Nelson Mandela Timeline 1930-1939

Nelson Mandela Timeline 1800-2010

Nelson Mandela Timeline 1930-1939

1934
Mandela is sixteen years old and together with other young men undergoes the traditional Xhosa initiation ceremony. The Initiation school is held on the banks of the Mbashe River.
Rolihlahla and his cousin Justice attend Clarkebury, a Wesleyan missionary school and at that time the biggest education centre in Tembuland. The school is run by Reverend C.C. Harris "...with an iron hand and an abiding sense of fairness", Mandela later remembered. At Clarkesbury he is given the name Nelson.
1936
After two years at Clarkebury, Mandela is sent further away to Healdtown, a bigger institution where he is taught an entirely Eurocentric curriculum focused on British history. His history teacher, Weaver Newana, adds his own oral history to the narratives about the previous century's frontier wars between the Xhosa and the British colonists.
He takes up boxing and long-distance running.
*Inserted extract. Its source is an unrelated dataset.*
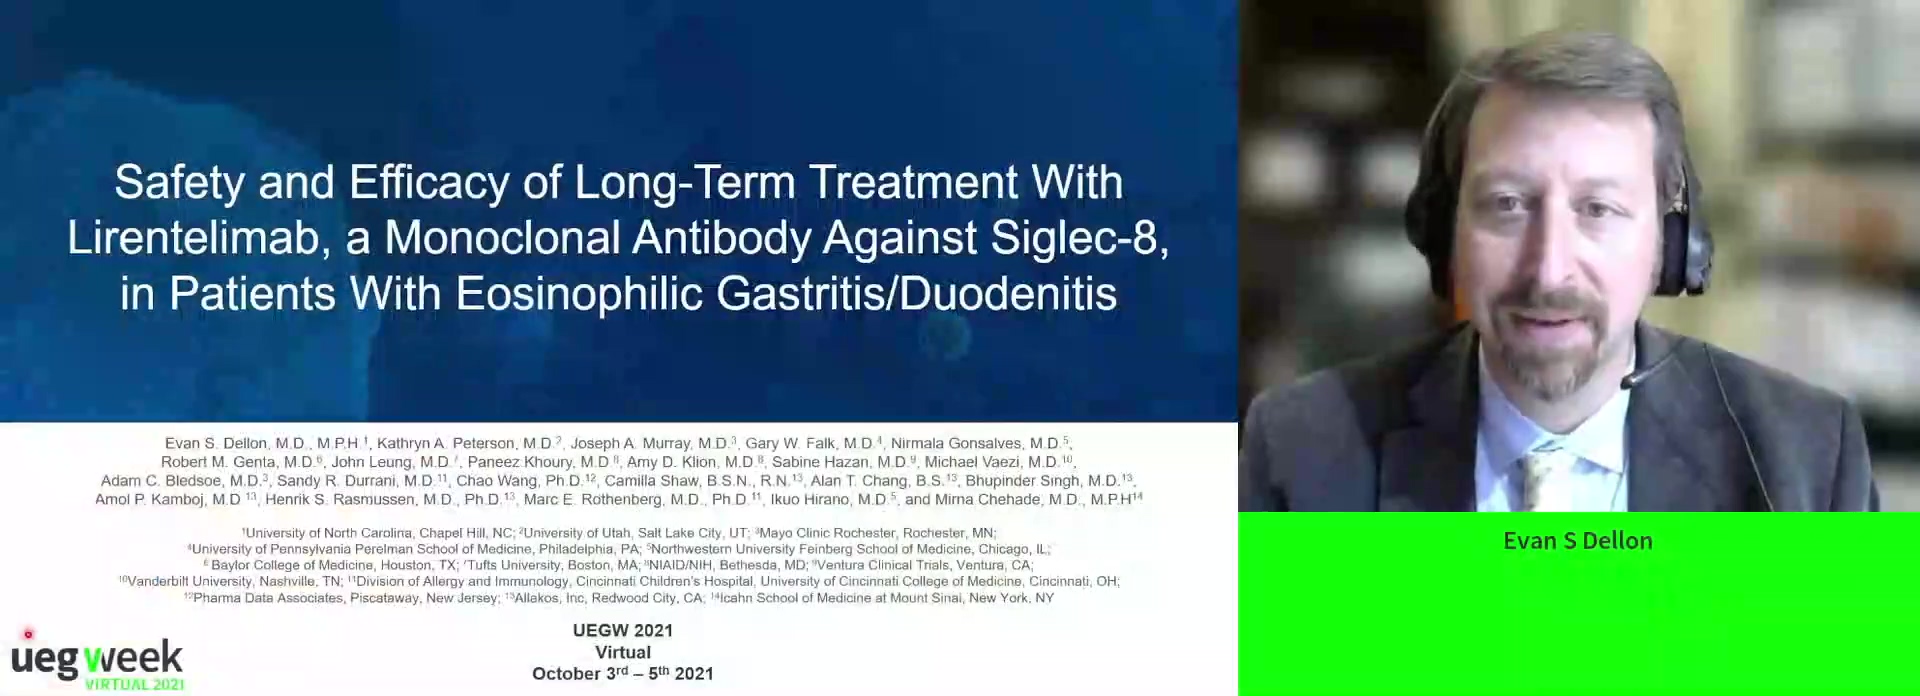 SAFETY AND EFFICACY OF LONG-TERM TREATMENT WITH LIRENTELIMAB, A MONOCLONAL ANTIBODY AGAINST SIGLEC-8, IN PATIENTS WITH EOSINOPHILIC GASTRITIS/DUODENITIS

The teaching staff is dedicated, but for the first time Mandela becomes aware that noble Christian values are contradicted by tolerance and even support of the racist colonial system. The missionaries believe they are saving the souls of Black people and reject traditional rituals and customs as 'superstitions'. Still, "I believe their benefits outweighed their disadvantages", he later recalls.
The Hertzog Bills remove Black voters from the common voters' roll. The tabling of these Bills elicits anger and a call for united Black opposition. At the time Mandela and his friends are shielded from the intense debate that these Bills elicited amongst the Black elite in particular.
1938
Mandela wins a prize for best Xhosa essay. He is thrilled when the noted Xhosa poet Krune Mqhayi visits the college, dramatically dressed in a traditional kaross of hide and carrying two spears, to recite his poem.
1939
January, Mandela enrolls at the South African Native College at Fort Hare near Alice in the Eastern Cape. The Mandela's nephew Kaizer Matanzima, is also attending Fort Hare and they become close friends, though in later years they would become political opponents. Matanzima remembered, 'The two of us were very handsome young men, and all the women wanted us'.